Today, I'm going to provide a little more insight into this talented man
and I'm going to talk particularly about the home he had on the island of Guernsey in the British Channel Islands.
But first, his early career...
as I've said, he was a writer,
he was at the height of his career in Paris
and he was very highly regarded by his colleagues.
As far as literature was concerned,
he was the leading figure of the Romantic movement.
However, as well as being a literary genius,
he also gave many speeches about issues like the level of poverty in his society.
He felt very strongly about this
and about other areas where change was needed, like education.
This kind of outspoken criticism was not well liked by the rulers of France
and, eventually, the emperor - Napoleon III -
told Victor Hugo to leave Paris and not return;
in other words, he sent him into exile.
So Victor Hugo was forced to reside in other parts of Europe.
Guernsey was actually his third place of exile
and he landed there in 1855.
He produced a lot while on Guernsey - including Les Miserables -
and to do this, he had to spend a great deal of time in the home that he had there.
This was a property that he bought using the money he'd made in France
from the publication of a collection of his poetry.
It was the only property he ever owned, and he was very proud of it.
The property Victor Hugo bought on Guernsey was a large, five-storey house in the capital town of St Peter Port
and he lived there for 15 years,
returning to France in 1870 when Napoleon's Empire collapsed.
He decorated and furnished each level, or floor, of the house in unique and wonderful ways,
and many people consider the inside of the house to be a 'work of art'.
Today it's a museum that attracts 200,000 visitors a year.
He lived in the house with his family...
and portraits of its members still hang in rooms on the ground floor,
along with drawings that he did during his travels that he felt were important to him.
In other ground-floor rooms, there are huge tapestries
that he would have designed and loved.
The walls are covered in dark wood panelling that Victor Hugo created himself
using wooden furniture that he bought in the market.

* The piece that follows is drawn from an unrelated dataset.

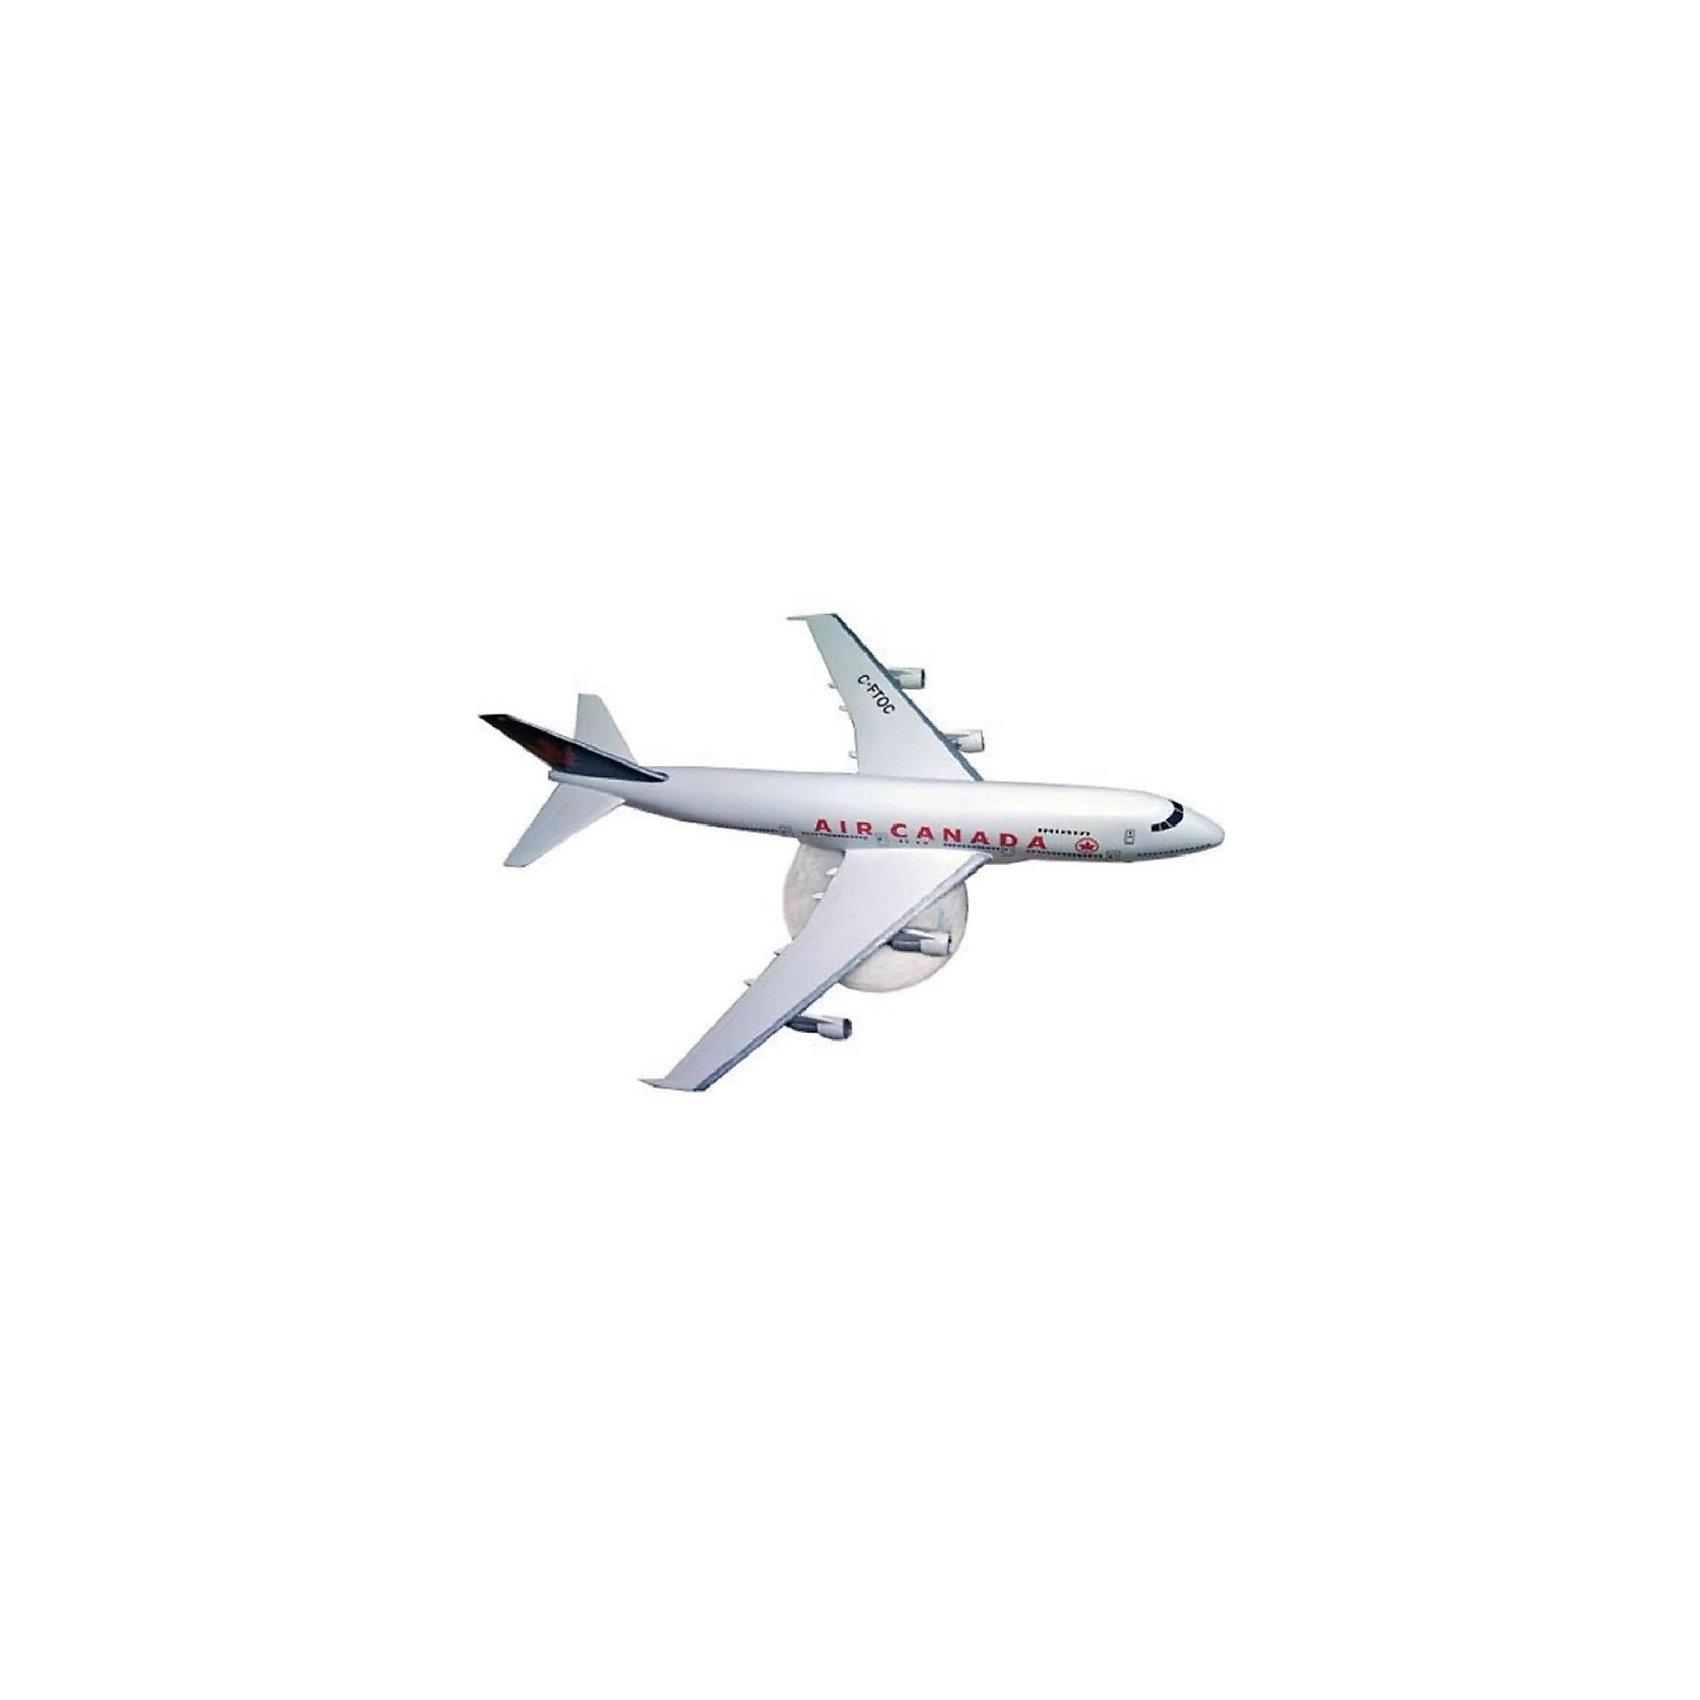 Набор Самолет Boeing 747, 1:390, (3)Модели для склеивания<br>Характеристики товара:<br><br>• возраст: от 10 лет;<br>• масштаб: 1:390;<br>• количество деталей: 60 шт;<br>• материал: пластик; <br>• клей и краски в комплект не входят;<br>• длина модели: 18,3 см;<br>• размах крыльев: 15,6 см;<br>• бренд, страна бренда: Revell (Ревел), Германия;<br>• страна-изготовитель: Польша.<br><br>Набор для сборки «Самолет Boeing 747» поможет вам и вашему ребенку придумать увлекательное занятие на долгое время и весело провести свой досуг. <br><br>Модель самолета, изготовленная в масштабе 1:390. Данная модель собирается из 60 пластиковых деталей и относится к третьему уровню сложности сборки из пяти существующих. В комплект набора также включены необходимые для осуществления сборки клей, кисточка и краски 3-ех цветов. В упаковку вложена подробная инструкция.<br><br>Процесс сборки развивает интеллектуальные и инструментальные способности, воображение и конструктивное мышление, а также прививает практические навыки работы со схемами и чертежами. <br><br>Набор для сборки «Самолет Boeing 747», 42 дет., Revell (Ревел) можно купить в нашем интернет-магазине.<br><br>Ширина мм: 270<br>Глубина мм: 230<br>Высота мм: 33<br>Вес г: 317<br>Возраст от месяцев: 144<br>Возраст до месяцев: 1188<br>Пол: Мужской<br>Возраст: Детский<br>SKU: 2149879

The items were relatively inexpensive,
and he used them to create intricate carvings.
They gave an atmosphere on the lower level that was shadowy and rather solemn.

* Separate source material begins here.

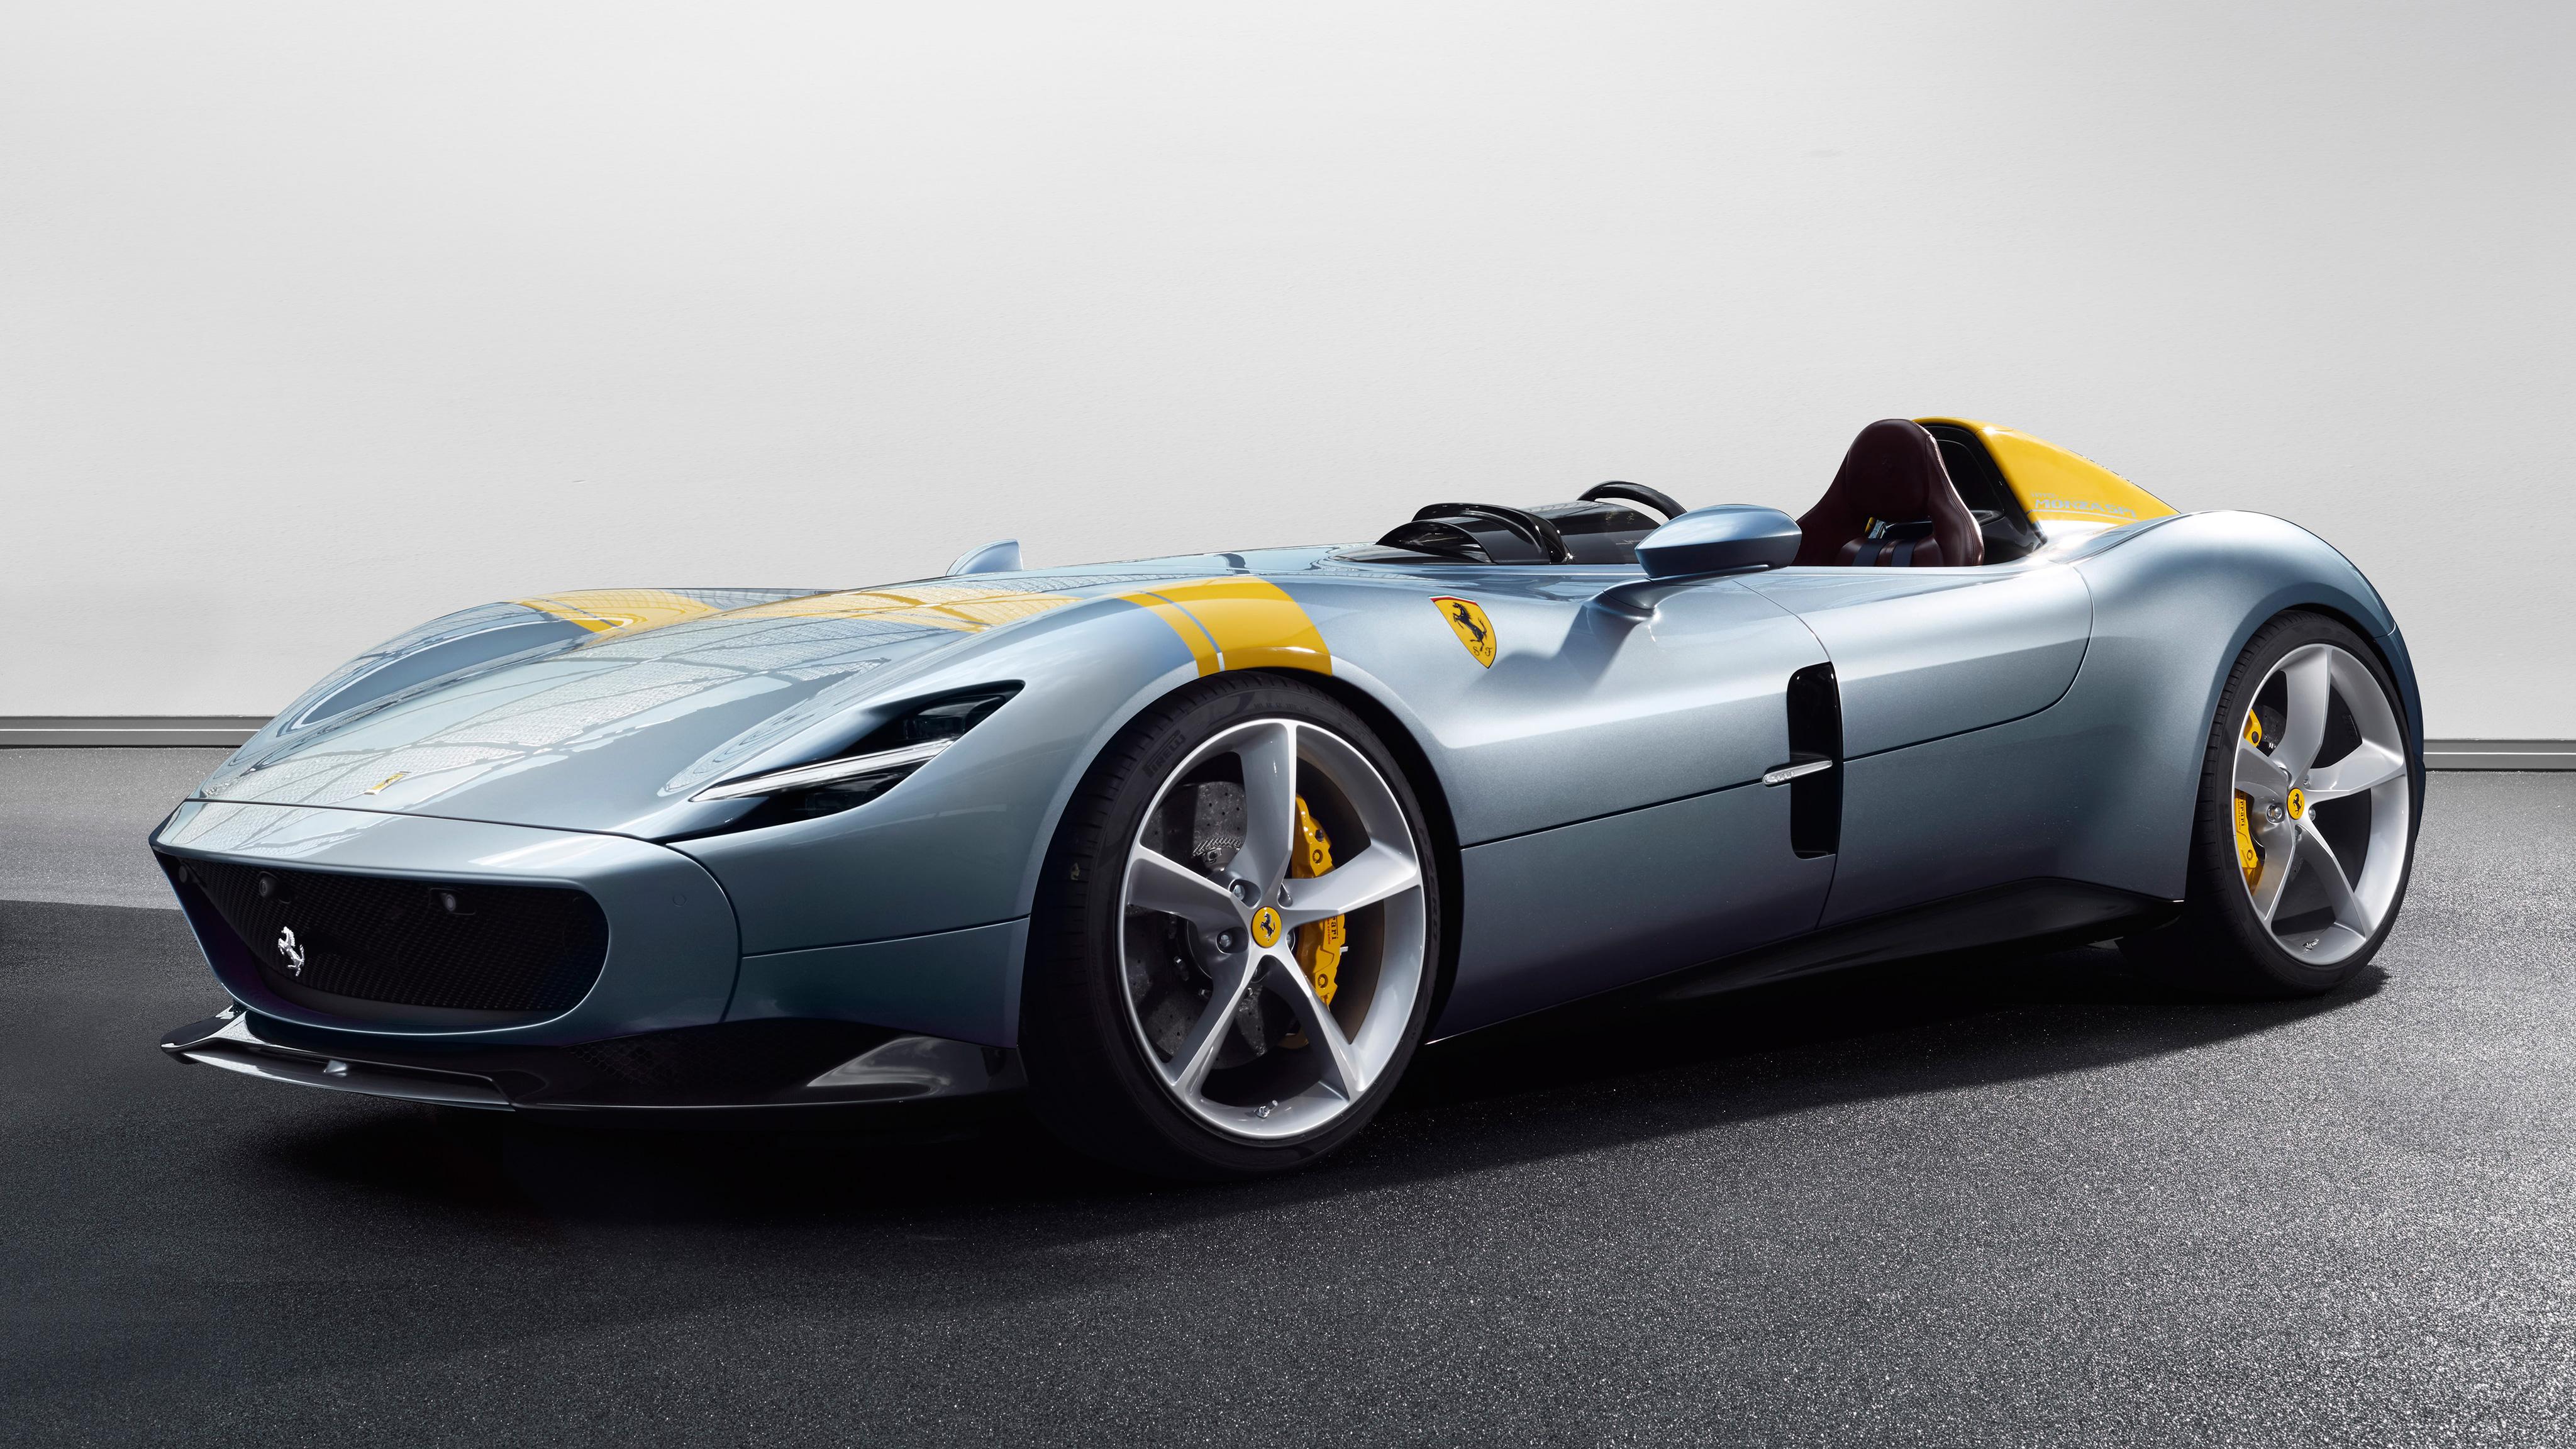 Ferrari Vespa For Sale / Vespa Scooter Vintage Vbb Fully

On the next level of the house there are two impressive lounges,
where he entertained his guests.
One lounge has entirely red furnishings,
such as sofas and wall coverings, and the other blue.
There's a strong Chinese influence in these areas
in things like the wallpaper pattern and the lamps -
which he would have made himself by copying original versions.
His library, where he left many of his favourite books,
forms the hallway to the third floor
and was a comfortable area where he could relax and enjoy his afternoons.
And then, at the very top of the house,
there's a room called the Lookout -
called that because it looks out over the harbour.
In contrast to the rather dark lower levels,
it's full of light and was like a glass office where he would write until lunchtime -
often at his desk.
So, Victor Hugo was a man of many talents,
but he was also true to his values.
While living in his house on Guernsey,
he entertained many other famous writers,
but he also invited a large group of local children from the deprived areas of the island to dinner once a week.
What's more, he served them their food,
which was an extraordinary gesture for the time period.
In 1927, the house was owned by his relatives,
and they decided to donate it to the city of Paris.
It has since been restored using photographs from the period
and, as I mentioned earlier, is now a museum that is open to the public.